RAW DATA:
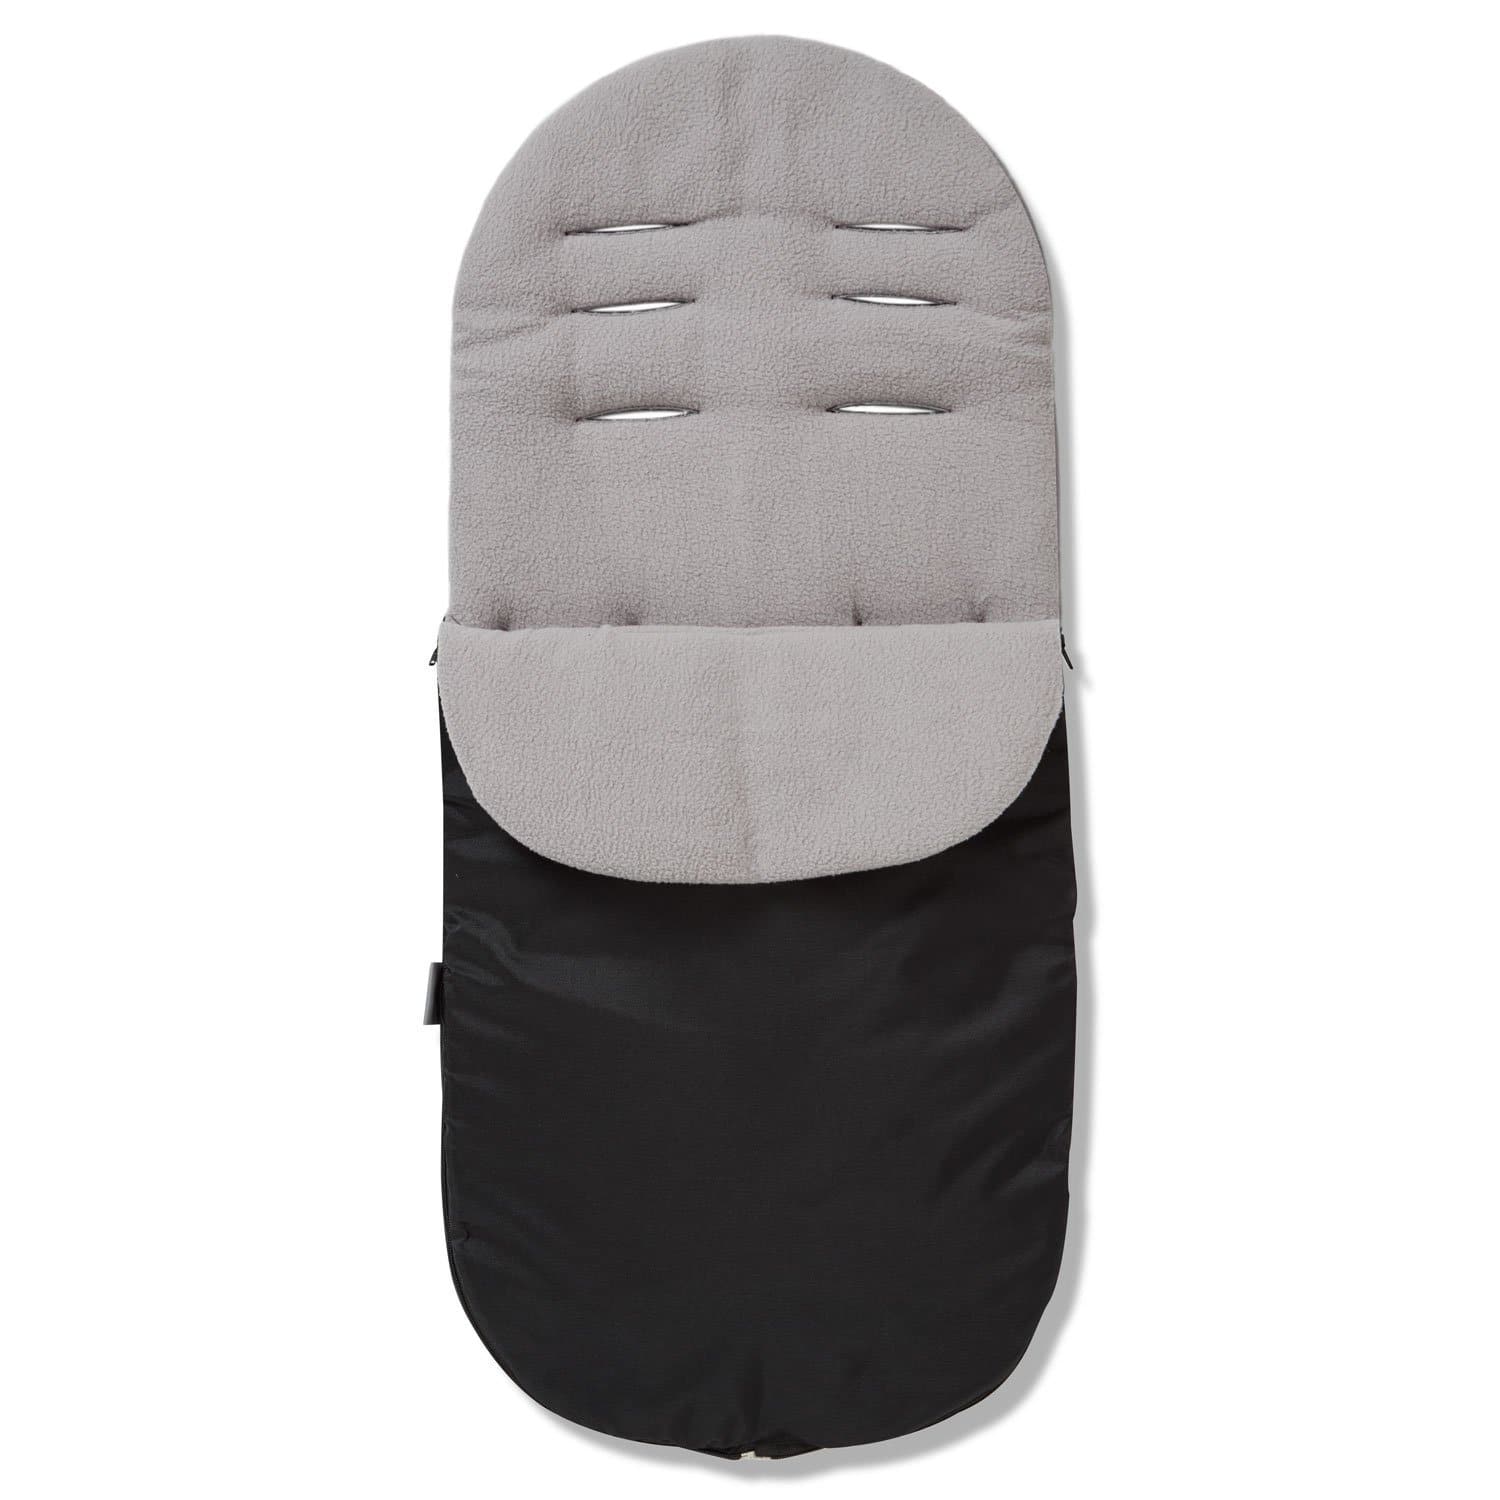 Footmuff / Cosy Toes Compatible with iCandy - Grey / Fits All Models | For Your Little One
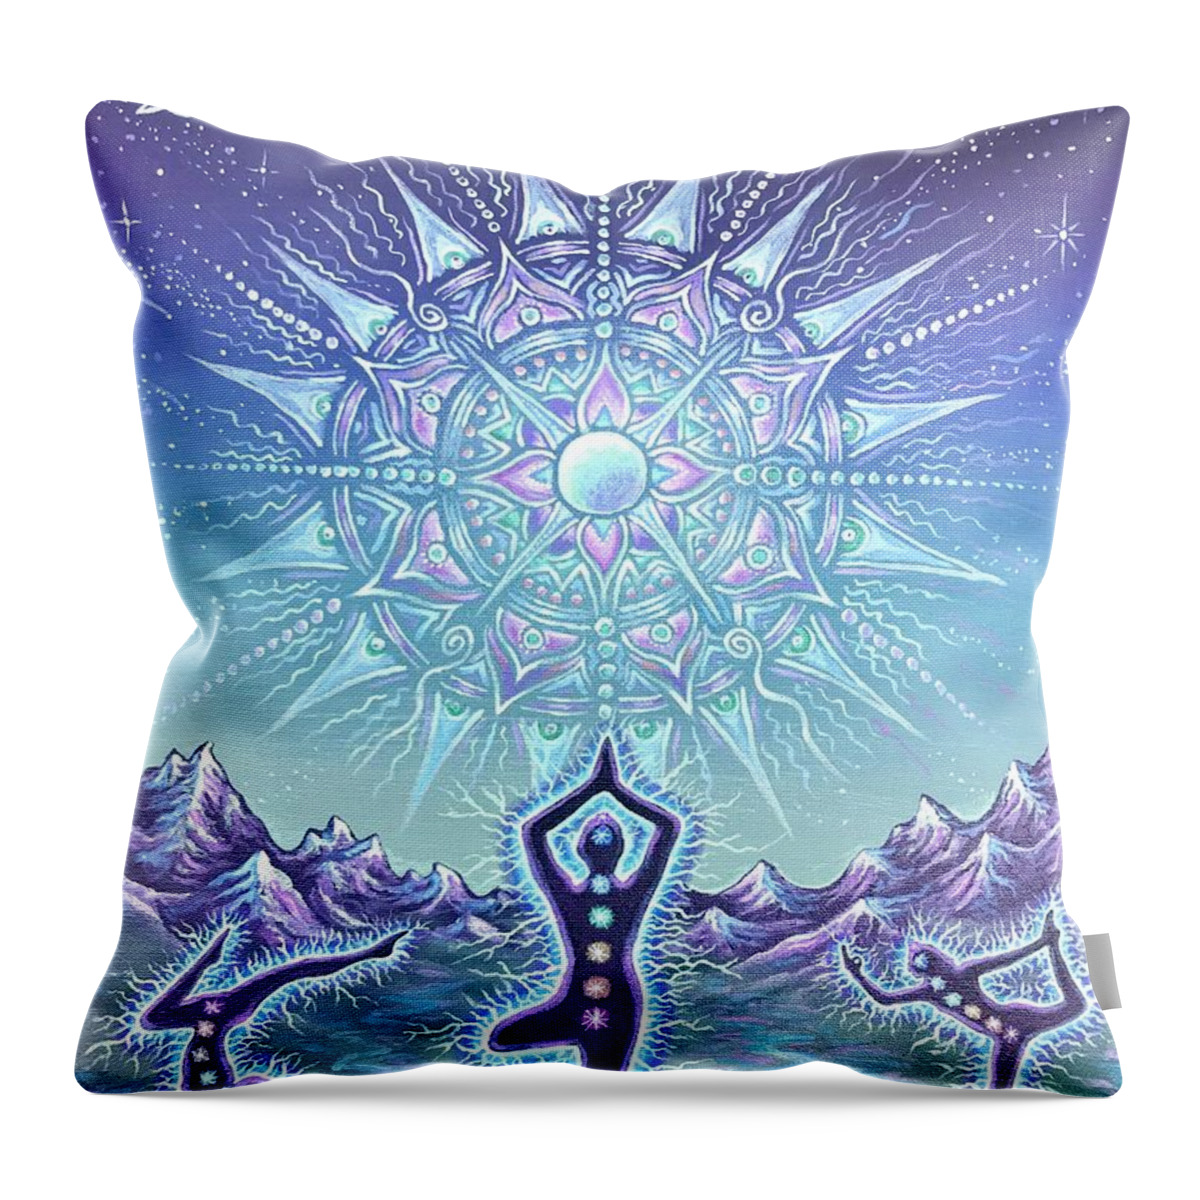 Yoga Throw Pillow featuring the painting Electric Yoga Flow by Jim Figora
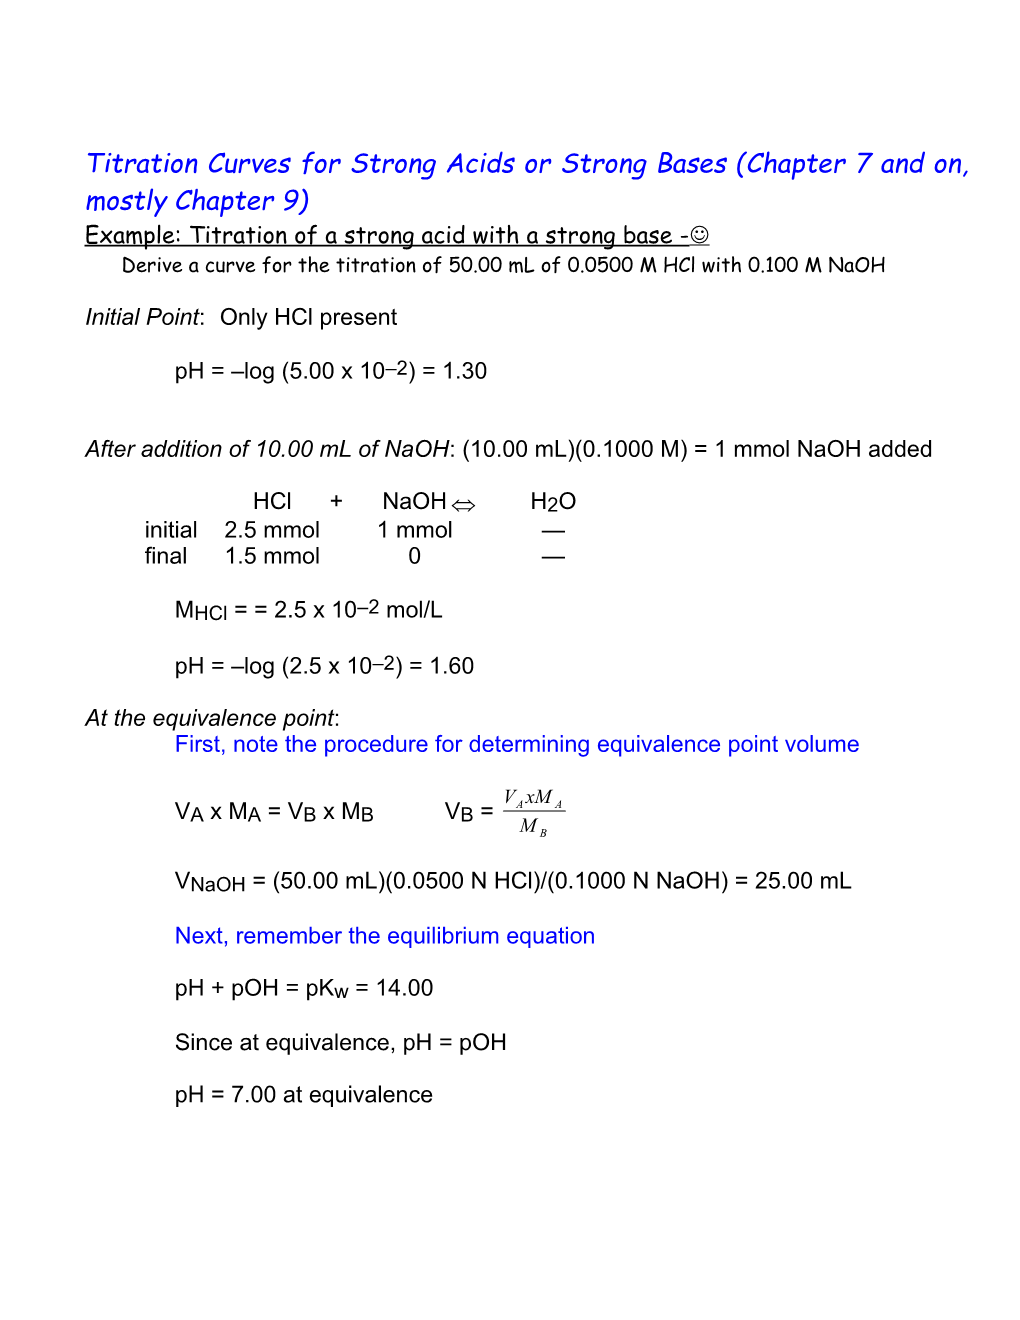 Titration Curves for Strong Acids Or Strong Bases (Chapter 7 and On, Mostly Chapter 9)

EXERCISE DETAILS:
What is needed is a verbatim copy of the lines from the line with "Yoga Throw Pillow" through the last line of the listing, pictures excluded.

SOLVED PROBLEM:
 Yoga Throw Pillow featuring the painting Electric Yoga Flow by Jim Figora
 Titration Curves for Strong Acids Or Strong Bases (Chapter 7 and On, Mostly Chapter 9)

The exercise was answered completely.